MUSC students start semester with sand between their toes

September 04, 2018
Students spend their first day of an occupational therapy class at Folly Beach. Photos provided
Students spend their first day of an occupational therapy class at Folly Beach. Photos provided

Wearing flip-flops instead of carrying laptops, the first day of class for some occupational therapy students was literally a day at the beach. Their professor, Patty Coker-Bolt, held class at Folly Beach so her students could help with an event that brings professional surfers to town to give children with autism a day of fun in the ocean.

“It’s a real Charleston moment about participation,” Coker-Bolt said.  
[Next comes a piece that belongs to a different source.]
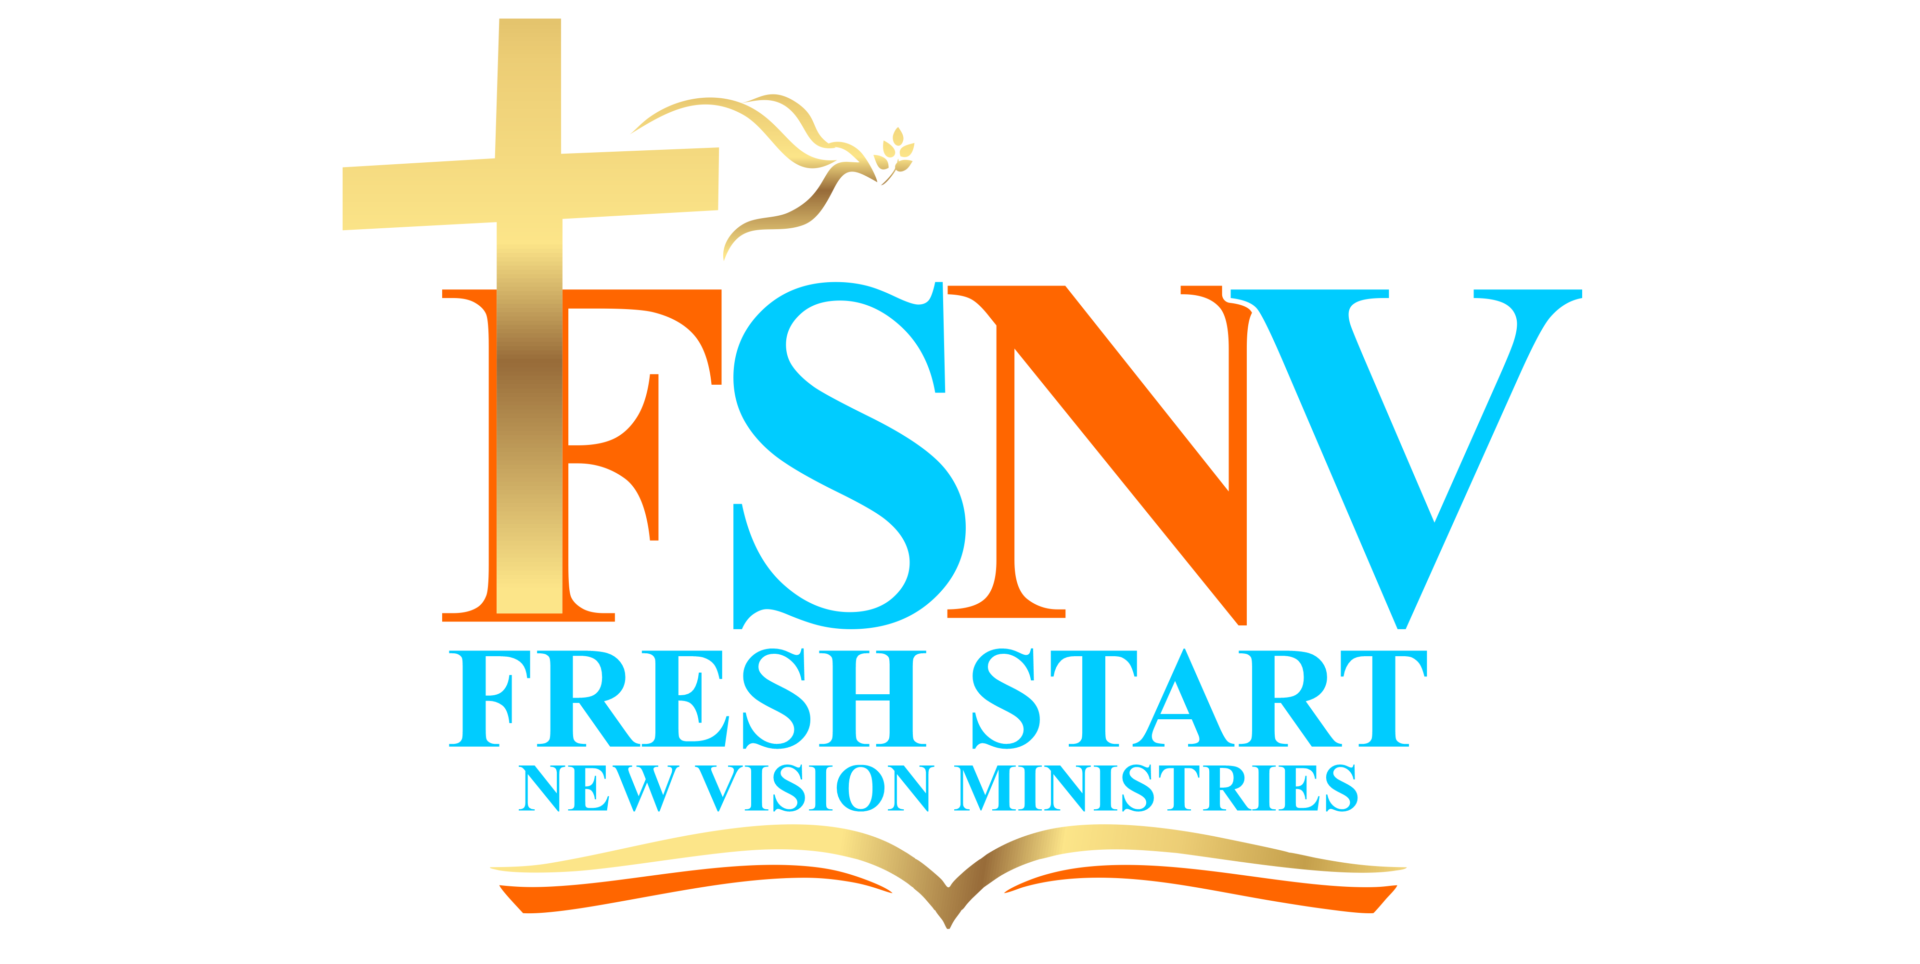 Fresh Start NEW Vision Ministries logo

Surfers Healing, an international nonprofit organization that hosts camps at beaches across the country and abroad for children with autism, was in the Charleston area to help more than 100 kids learn to surf. Coker-Bolt, a professor in the College of Health Professions at the Medical University of South Carolina, saw it as a great opportunity.

“When kids were not surfing, the organizers wanted a place for kids to be able to keep themselves occupied. We had a big tent area with bubbles and tunnels and sand activities. Our students were out there engaging the kids when they weren’t surfing.”

A colorful play area gives kids a place to hang out before and after they surf.
A colorful play area gives kids a place to hang out before and after they surf.

It was a chance to get a glimpse of what their lives as future occupational therapists might hold. “The large percentage of our graduates go into pediatric therapy,” Coker-Bolt said. “They can work in the school system, they can work in an outpatient clinic, they can work in home health or early intervention or they can work in a children’s hospital. With the prevalence of autism, they’re going to work with children with autism and their families if they go into pediatrics therapy.”

The students got to see how some children with autism can achieve amazing things with the right kind of help. “You can tell, sometimes, the kids were really apprehensive. They had to wear a protective flotation device around their neck. They had to go out in the water and the waves were hitting them. I think about children with autism and the sensory processing issues and challenges dealing with noise and  crowds,” Coker-Bolt said.

“The surfers just pick the children up, put them on the board and start surfing. It’s so nice to see. Every time they took them out, each child got a little more independent, a little more confident. Some kids went from starting on their knees on the board to standing on the board. What a showcase for each child’s unique skills and capacities to overcome challenges."

Coker-Bolt said graduates of MUSC’s College of Health Professions helped launch the Charleston area’s participation in Surfers Healing. She has asked her students to volunteer for last three years. “Finding great community activities that our children with disabilities can do and support them doing it is so important for our children and their families.”